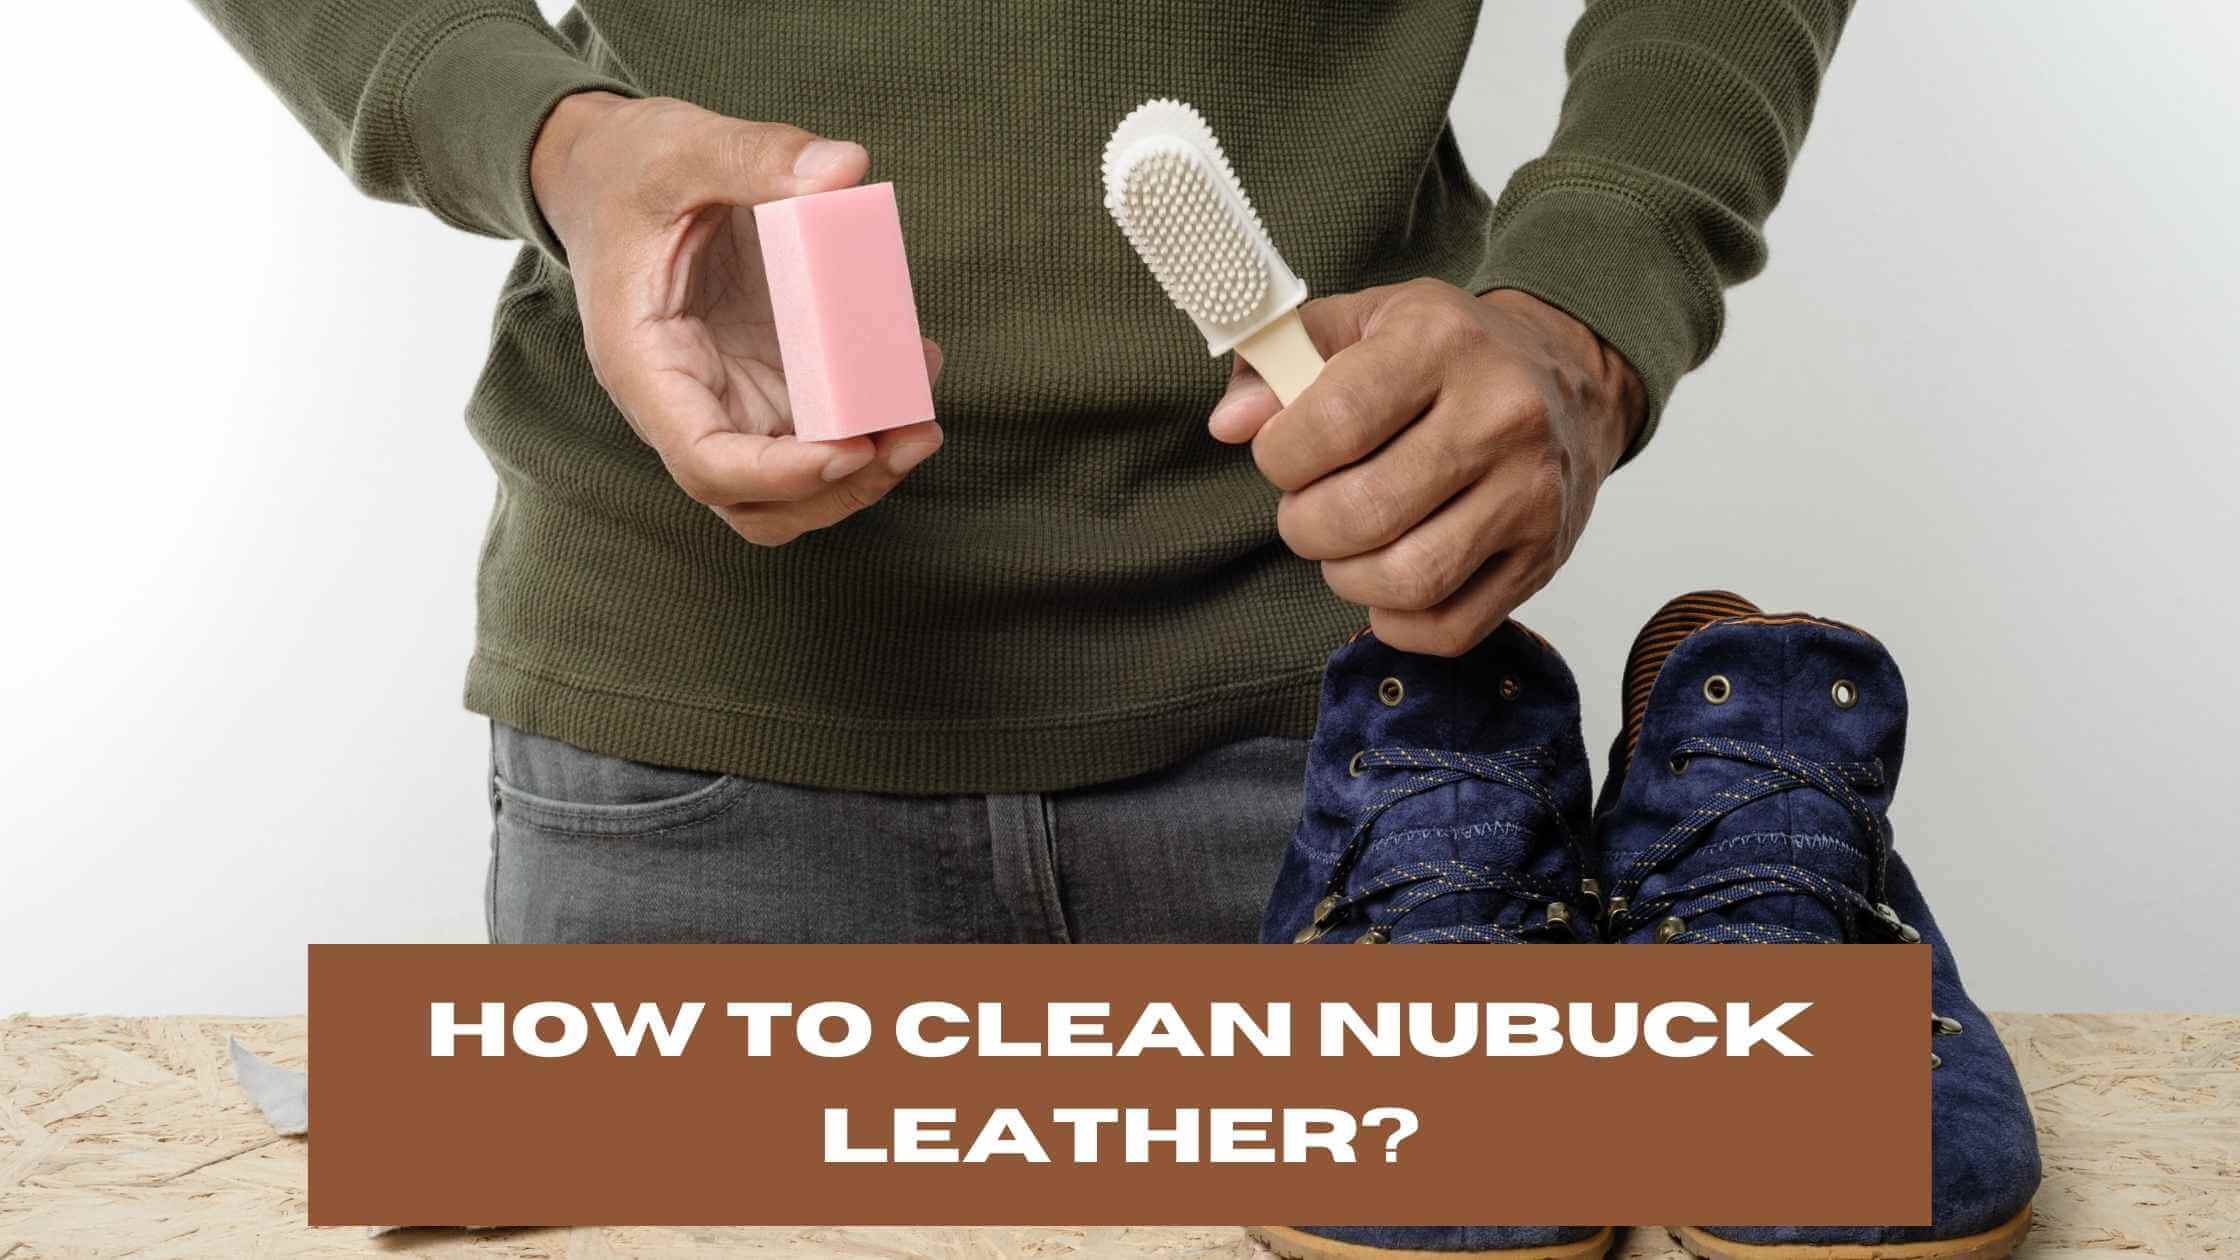 How to Clean Nubuck Leather
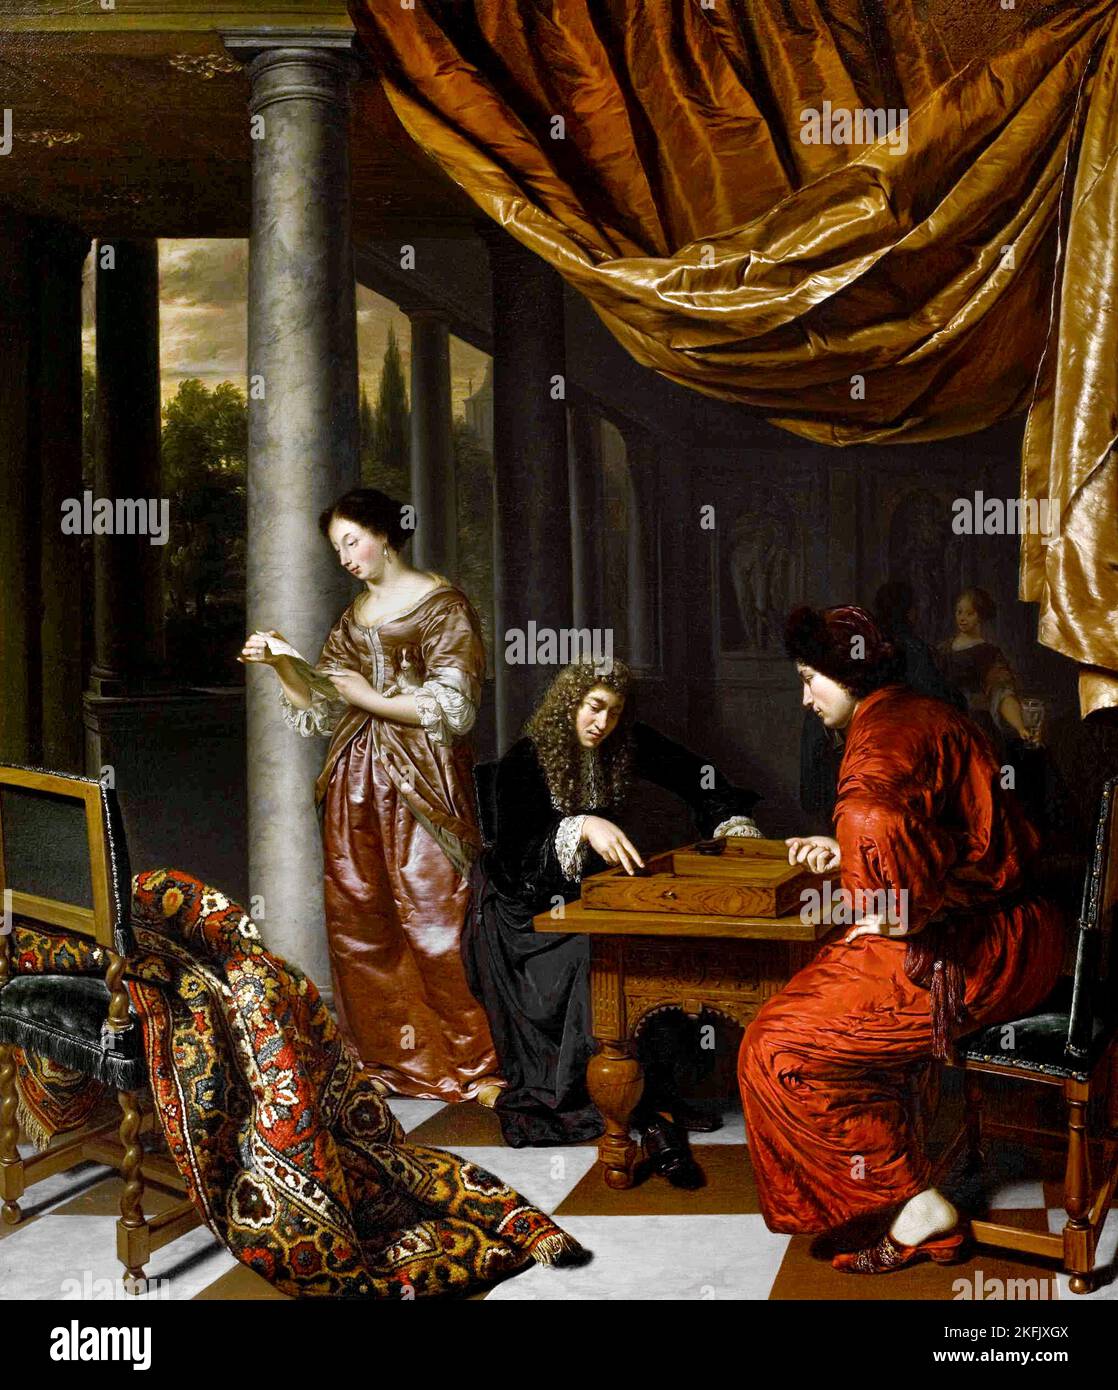 Frans van Mieris the Elder; Interior with Figures Playing Tric-Trac; 1680; Oil on canvas; Museum of Fine Arts, Houston, USA. Stock Photo
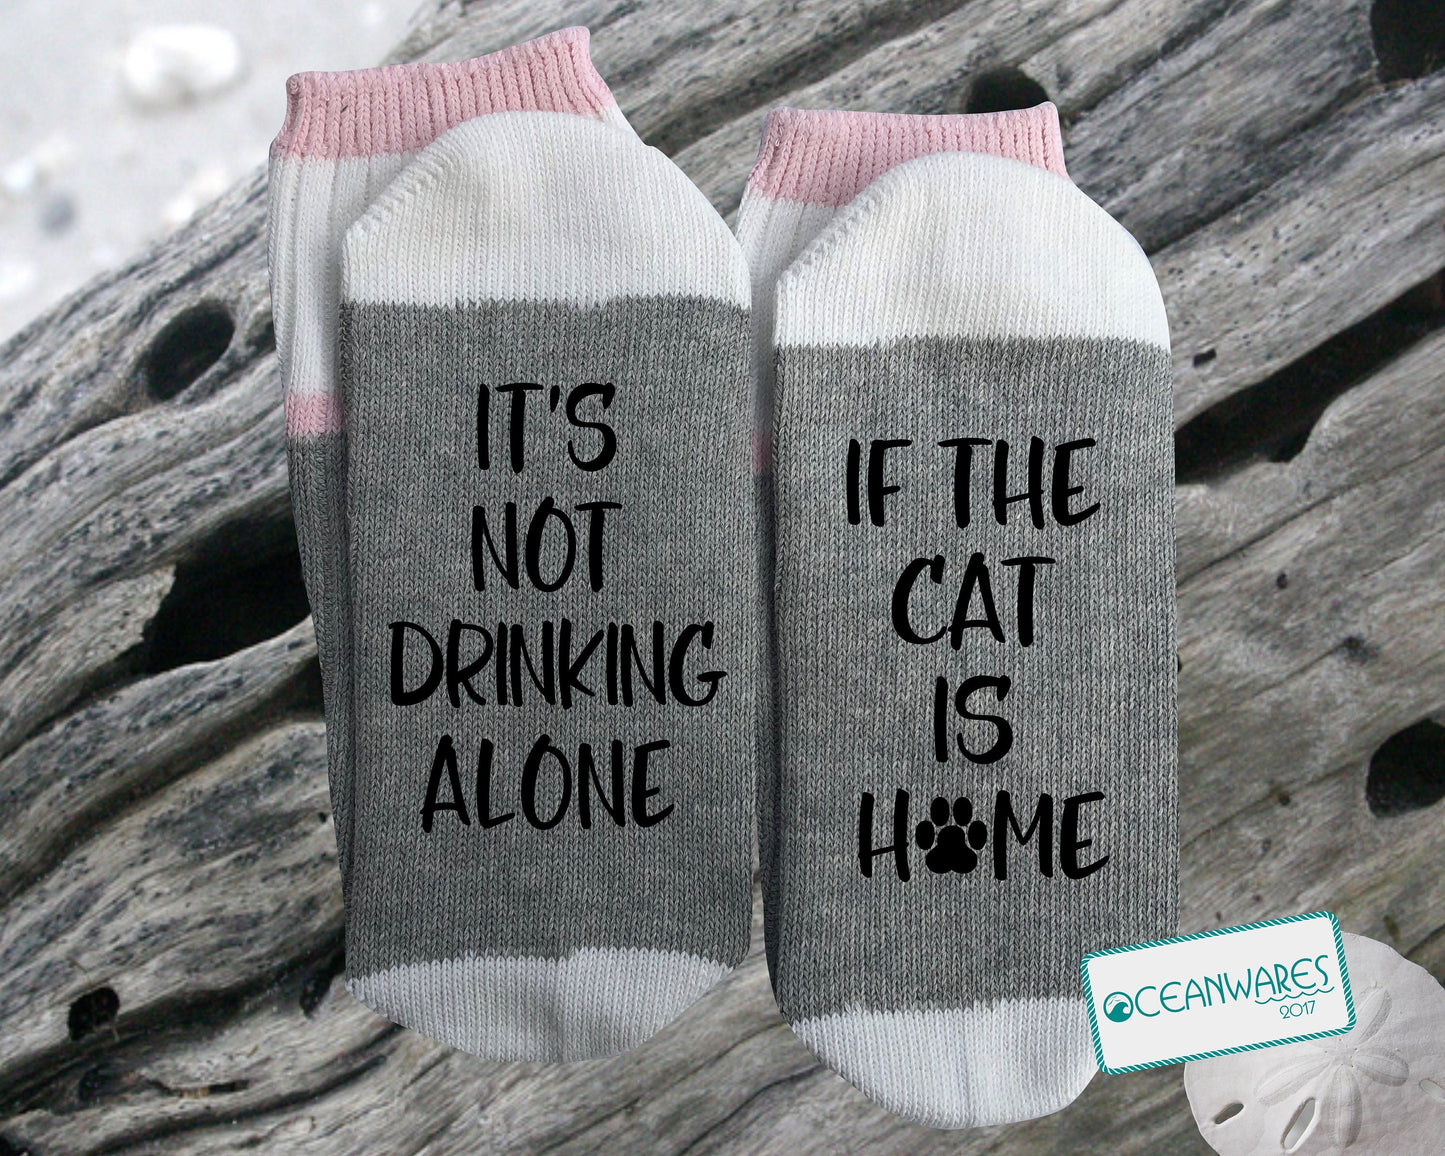 Cat Mom, It's not drinking alone if the cat is home, SUPER SOFT NOVELTY WORD SOCKS.

* Problem statement
Please write every line above out exactly as given, except for any pictures.

* Solution below
 How to Clean Nubuck Leather
 Frans van Mieris the Elder; Interior with Figures Playing Tric-Trac; 1680; Oil on canvas; Museum of Fine Arts, Houston, USA. Stock Photo
 Cat Mom, It's not drinking alone if the cat is home, SUPER SOFT NOVELTY WORD SOCKS.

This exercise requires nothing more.